A machine learning exercise presenting a simple model for
- (1) prediction of airfares from the data contained in the search query using linear support vector regression implementation sklearn.SVM.LinearSVR.
- (2) classification of flight itinerary search results by likelihood the returned fare will ultimately be purchased by the consumer, using simple Naive Bayes implementation in sklearn.
The discussion is contained in the two ipython notebooks
fare_regression.ipynb
booking_classifier.ipynb
.
These files contain code that will mostly work out of the box, but that depends on the existence of three csv files containing datasets in the working directory:
airport_data.csv
booking_data.csv
search_data.csv
Due to github filesize restrictions, search_data.csv
was partitioned and zipped.

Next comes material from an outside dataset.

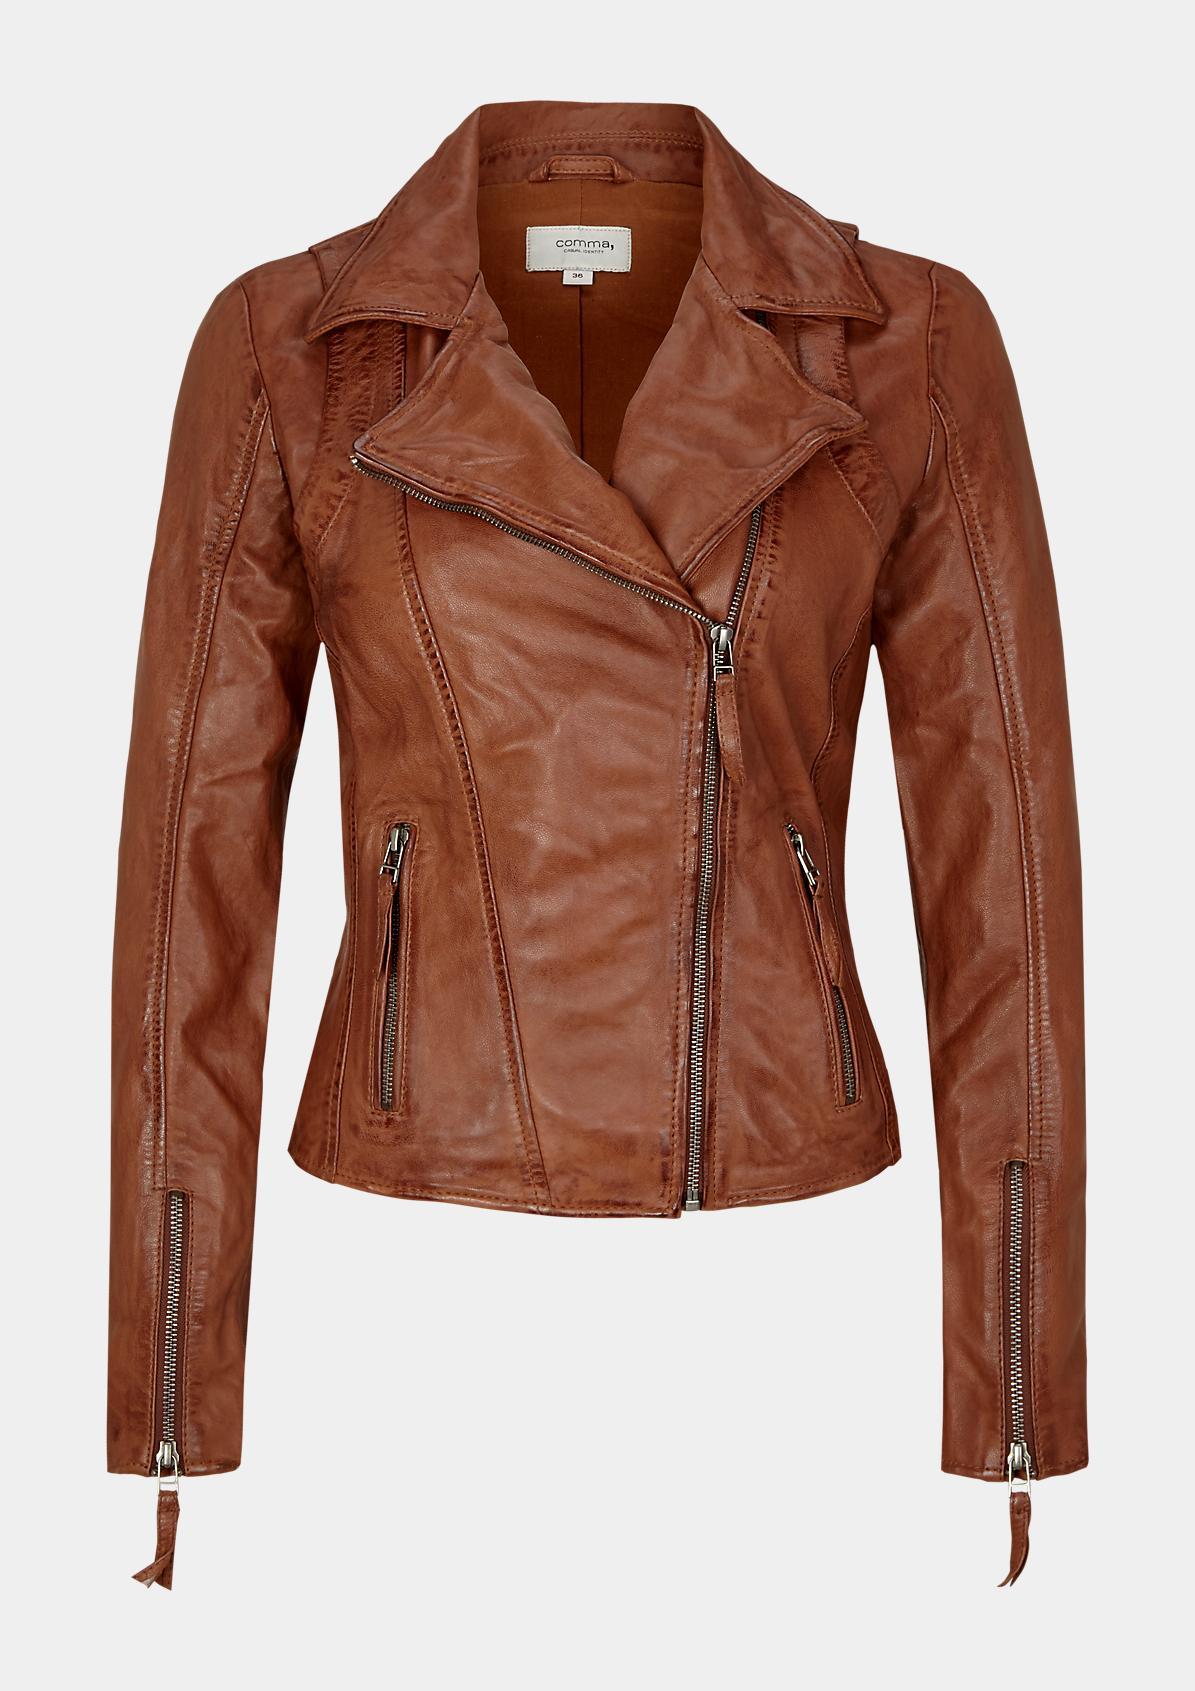 88.908.51.2148 Lederjacke | Fashion & Mode | comma Online Store

To recover the original search_data.csv
file, simply run the following to generate search_data.csv
me@myshell $ unzip search_data_1.zip && unzip search_data_2.zip && cat search_data_1.csv search_data_2.csv > search_data.csv && du -h
The output should look like
search_data.csv
Archive: search_data_1.zip
inflating: search_data_1.csv
Archive: search_data_2.zip
inflating: search_data_2.csv
581M search_data.csv
You should be ready to go.
me@myshell $ jupyter notebook fare_regression.ipynb &
me@myshell $ jupyter notebook booking_classifier.ipynb &